So when you said that the command did not work I assumed that is due to the arrangement of your data. At this point I had already double-checked the command. Since I did not see a windows logo on the left side of your posts the possibility of a dos-formatted file (good work on catching that, by the way) did not cross my mind.
Anyway, glad I could help.

P.S.: A slightly shorter way to convert DOS to UNIX files

Code:

sed 's/.$//' dos.file > unix.file

Frakk · 08-29-2010, 12:00 AM

Sir, I have to say you are correct

. I didn't use 'before' as I thought and my wording wasn't all that good.

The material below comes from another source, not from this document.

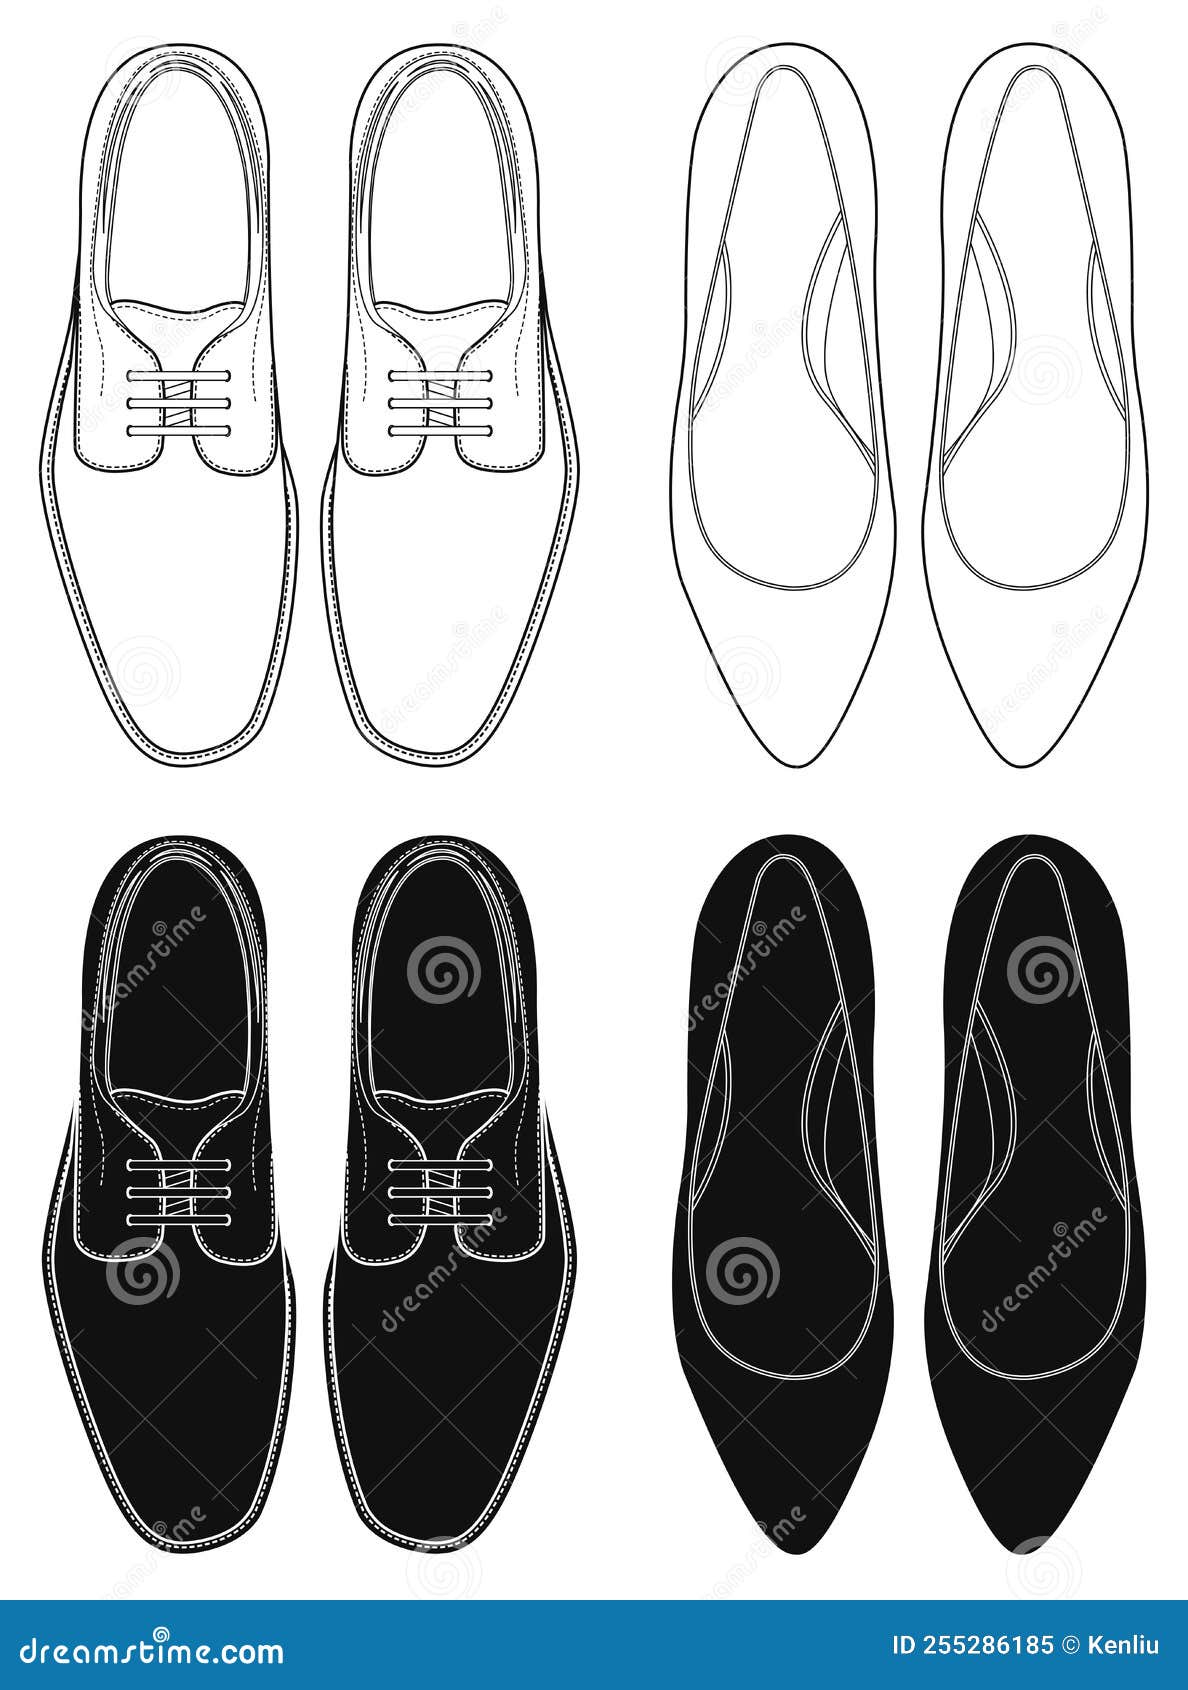 Formal shoes Illustrations and Clip Art 3129 Formal shoes royalty free  illustrations drawings and graphics available to search from thousands of  vector EPS clipart producers

Thanks for the help and the extra tip, I really appreciate it.
Cheers

grail · 08-29-2010, 12:14 AM

Well assuming the start and endpoints will always be there:

Code:

awk -F: '/start/,/end/{printf $2","}/end/' file

crts · 08-29-2010, 12:42 AM

Hi,

I tried

Code:

awk -F: '/name/,/phone/{printf $2","}/phone/' file   # gawk 3.1.6

with this data

Code:

something
at the 
start

name: JohnA
address: TheStreet 123A
phone: TheCityA

...
in the middle
of something
...
name: JohnB
address: TheStreet 123B
phone: TheCityB

name: JohnC
phone: TheCityC

... and to the
end

The output was:

Code:

JohnA, TheStreet 123A, TheCityA,phone: TheCityA
JohnB, TheStreet 123B, TheCityB,phone: TheCityB
JohnC, TheCityC,phone: TheCityC